Berkas TPPU Tersangka Sulfikar Belum Lengkap, Jaksa Kirim Peringatan ke Penyidik Polda Sulsel

  • account_circle Sorotan Rakyat
  • calendar_month Kam, 13 Nov 2025
  • visibility 188
  • comment 0 komentar

Makassar — Kejaksaan Tinggi Sulawesi Selatan (Kejati Sulsel) memastikan berkas perkara dugaan tindak pidana pencucian uang (TPPU) dengan tersangka Sulfikar hingga kini belum dinyatakan lengkap. Jaksa peneliti bahkan telah mengirim surat peringatan kepada penyidik Direktorat Reserse Kriminal Umum (Ditreskrimum) Polda Sulsel karena batas waktu penyidikan tambahan selama 14 hari telah berakhir.

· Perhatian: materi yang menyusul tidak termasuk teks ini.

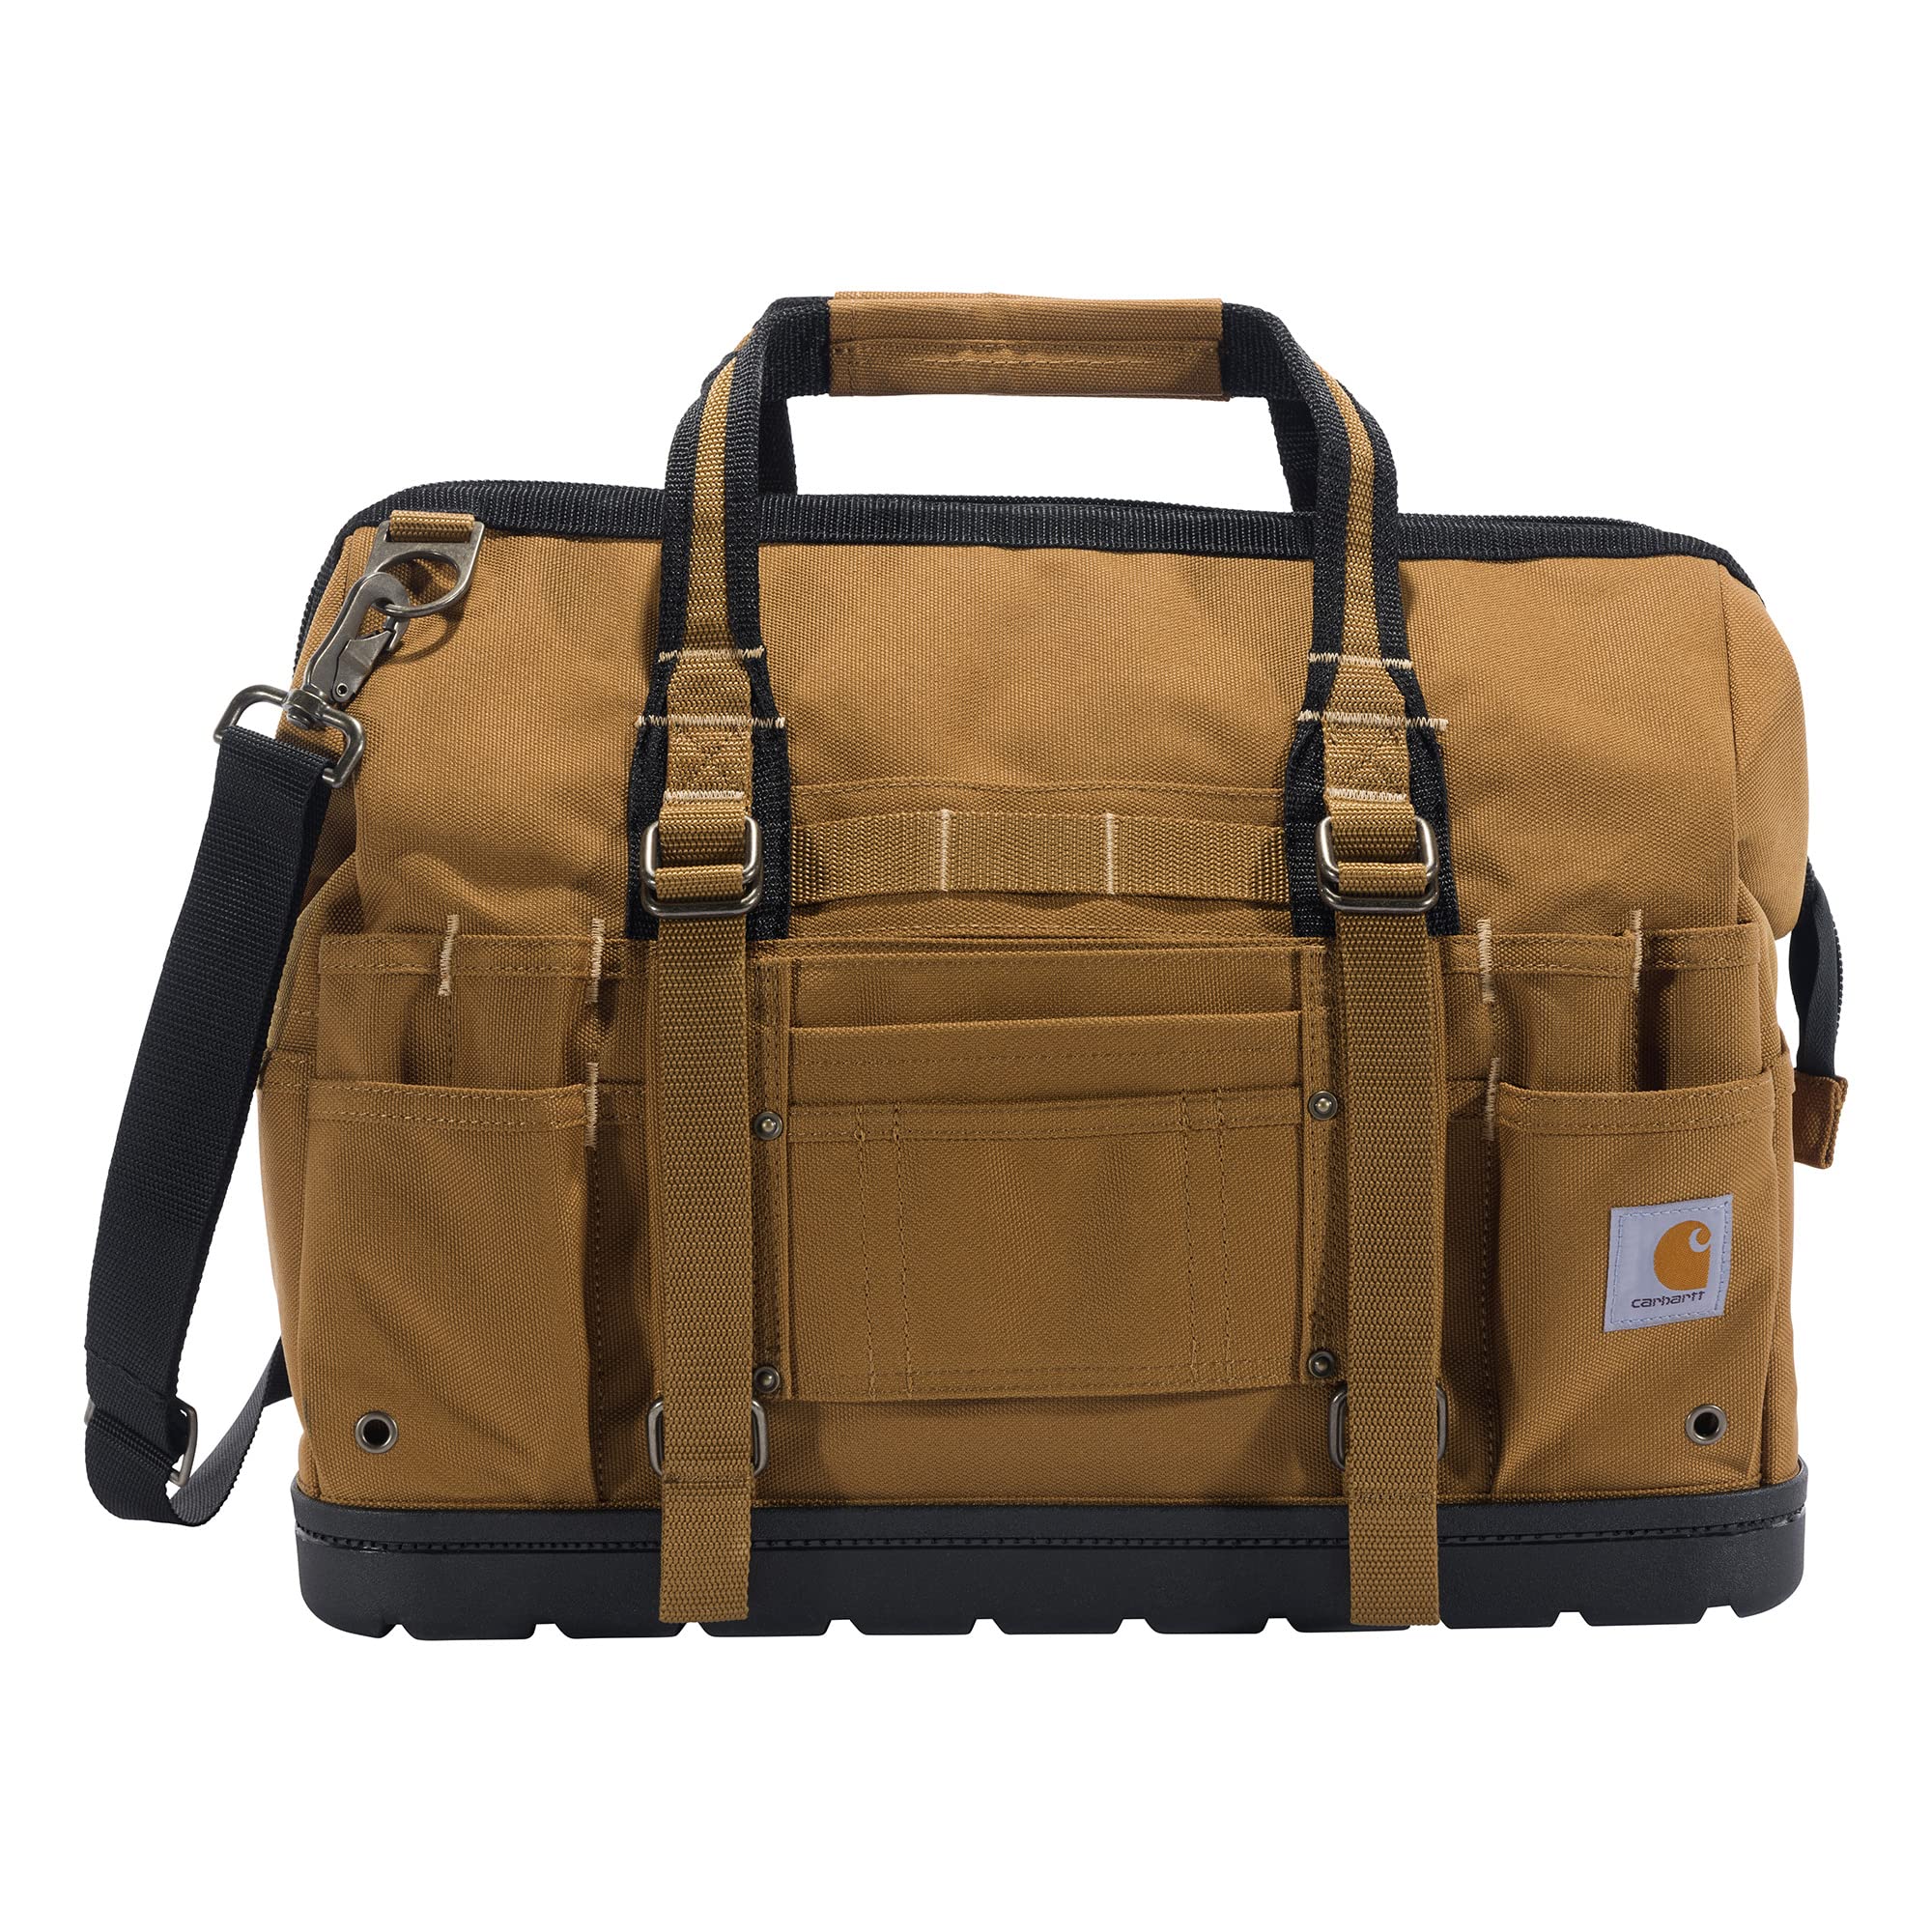 Backpack with Wheels | RYOBI RSSBP2

Kepala Seksi Penerangan Hukum Kejati Sulsel, Soetarmi, mengatakan berkas perkara tersebut sebelumnya dikembalikan kepada penyidik pada 28 Oktober 2025 untuk dilengkapi sesuai ketentuan Pasal 138 ayat (2) KUHAP. Namun, hingga kini penyidik belum menyerahkan kembali hasil perbaikan berkas sebagaimana mestinya.

“Jaksa peneliti sudah mengembalikan berkas (P-19) sejak 28 Oktober 2025. Waktu 14 hari untuk penyidikan tambahan telah berakhir, dan kami sudah mengirim surat pemberitahuan sebagai peringatan agar penyidik segera memenuhi seluruh petunjuk serta menyerahkan kembali berkas perkara,” ujar Soetarmi saat ditemui di Kantor Kejati Sulsel, Kamis (13/11/2025).

Ia menjelaskan, petunjuk yang diberikan jaksa tidak semata bersifat administratif, melainkan juga substantif guna memperkuat pembuktian perkara. Fokus utama yang diminta untuk didalami adalah penelusuran aliran dana dan aset hasil kejahatan, dua aspek penting dalam penanganan perkara TPPU.

“TPPU bukan hanya tindak lanjut dari kejahatan asalnya, tapi juga instrumen hukum untuk memastikan hasil kejahatan tidak dinikmati pelaku. Karena itu, penyidik perlu menelusuri dengan cermat setiap transaksi keuangan yang berkaitan dengan kejahatan asal,” kata Soetarmi menegaskan.

ACC Desak Kapolda Sulsel Baru Evaluasi Kinerja Penyidik

Lambatnya penanganan perkara ini turut disorot oleh Anti-Corruption Committee (ACC) Sulawesi. Ketua Badan Pekerja ACC Sulawesi, Kadir Wokanubun, mendesak Kapolda Sulsel yang baru agar segera melakukan evaluasi terhadap kinerja penyidik, terutama dalam penanganan kasus-kasus besar seperti dugaan TPPU Sulfikar.

“Kapolda baru harus berani mengevaluasi kinerja penyidik, terutama perkara-perkara yang sudah lama mandek seperti dugaan TPPU Sulfikar. Penegakan hukum tidak boleh berlarut-larut karena dapat mengikis kepercayaan publik,” ujar Kadir.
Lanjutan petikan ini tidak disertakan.